Source: State of the Future Report 2015/16
Overall, the 2015 SOFI graph below shows an improvement in general human welfare over the past 20 years, and the next ten years. The report suggests that, on balance, humankind is winning. Yet the figures behind the index demonstrate that this rise comes at the expense of the environment, and with worsening intrastate violence, terrorism, corruption, organised crime and economic inequality. Shockingly, the biggest cause of deaths and casualties per year – greater than any war – is violence against women. So whatever our plans for the future, they need to include a focus on reversing these negative trends.

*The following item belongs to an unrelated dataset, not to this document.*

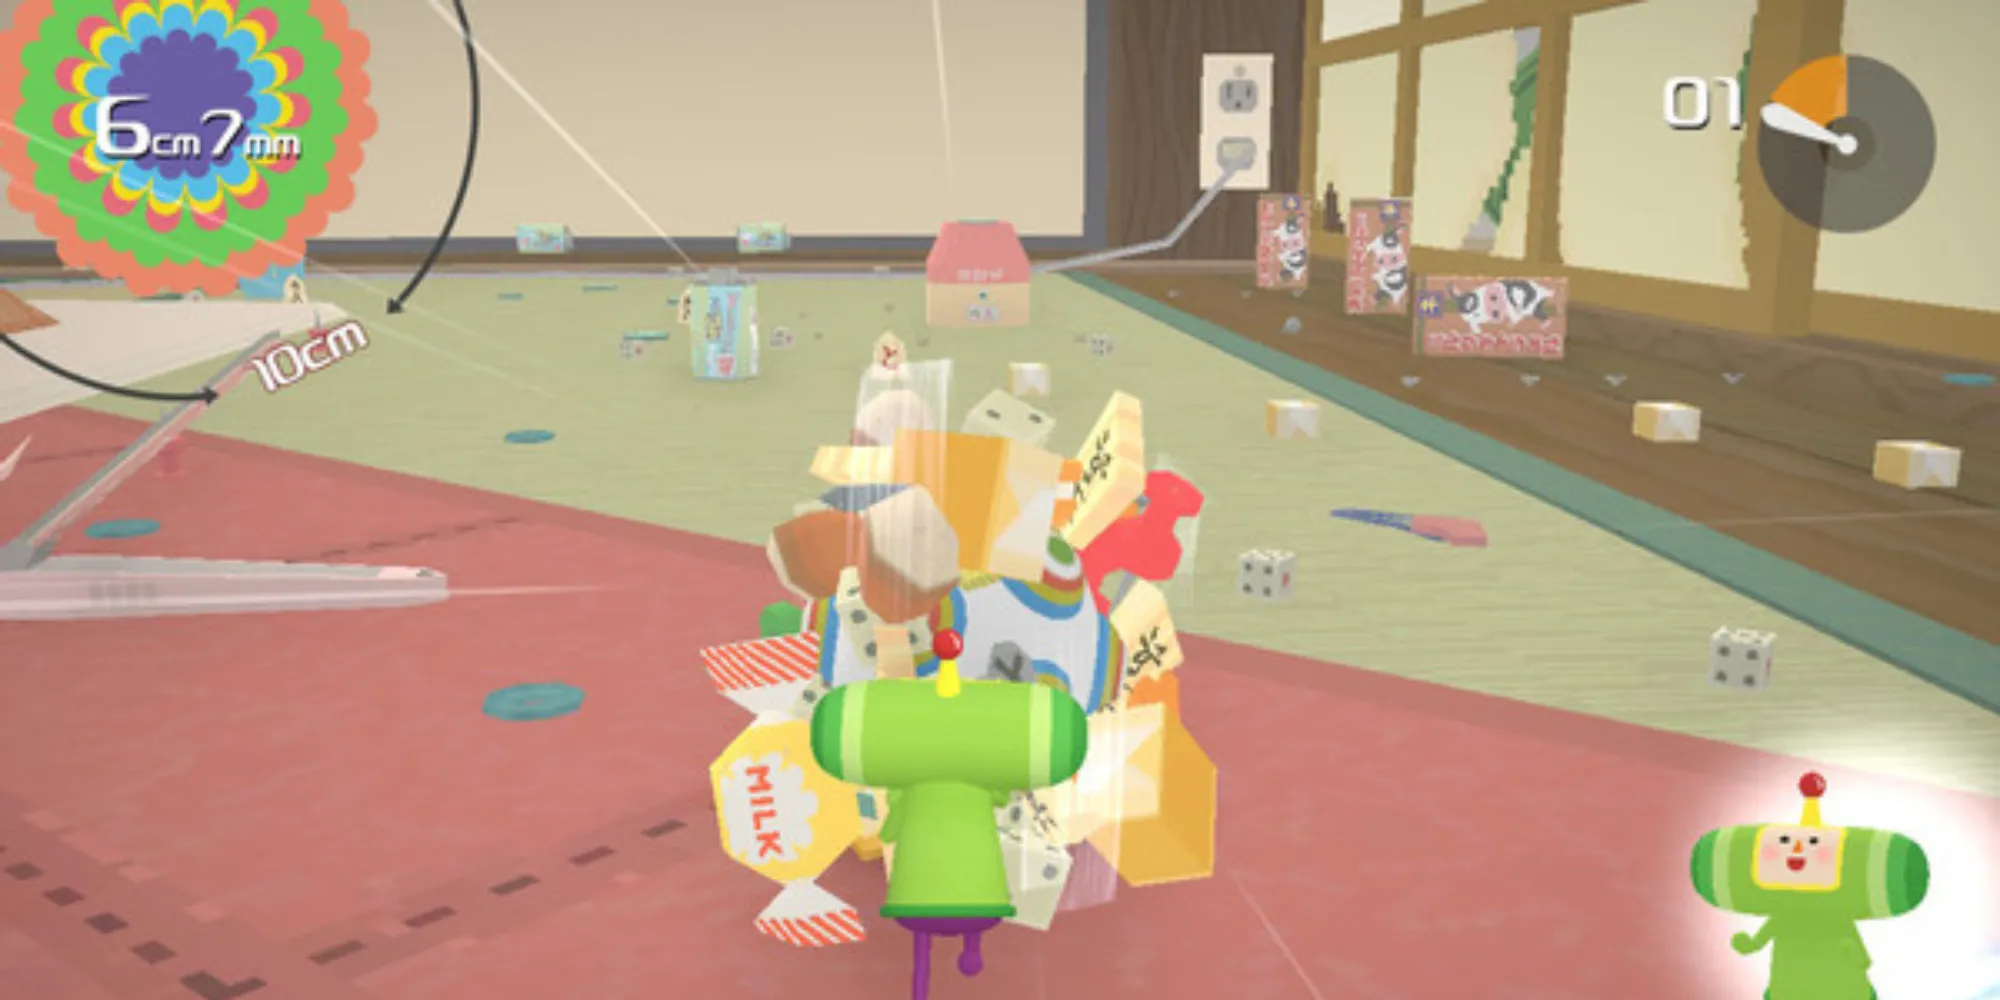 Скриншот с геймплеем из игры Katamari Damacy REROLL

State of the Future Index 2015 Millennium Project State of the Future Report 2015/16
Managing growth
There were only 1 billion humans in 1804; 2 billion in 1927; 6 billion in 1999 and 7.3 billion today. According to current predictions, by 2050 there will be an additional 2.3 billion people on the planet. Divide all your friends and family into households of three and add one person to each. Now imagine that multiplied around the world and you have roughly the equivalent figure; a one-third increase in population.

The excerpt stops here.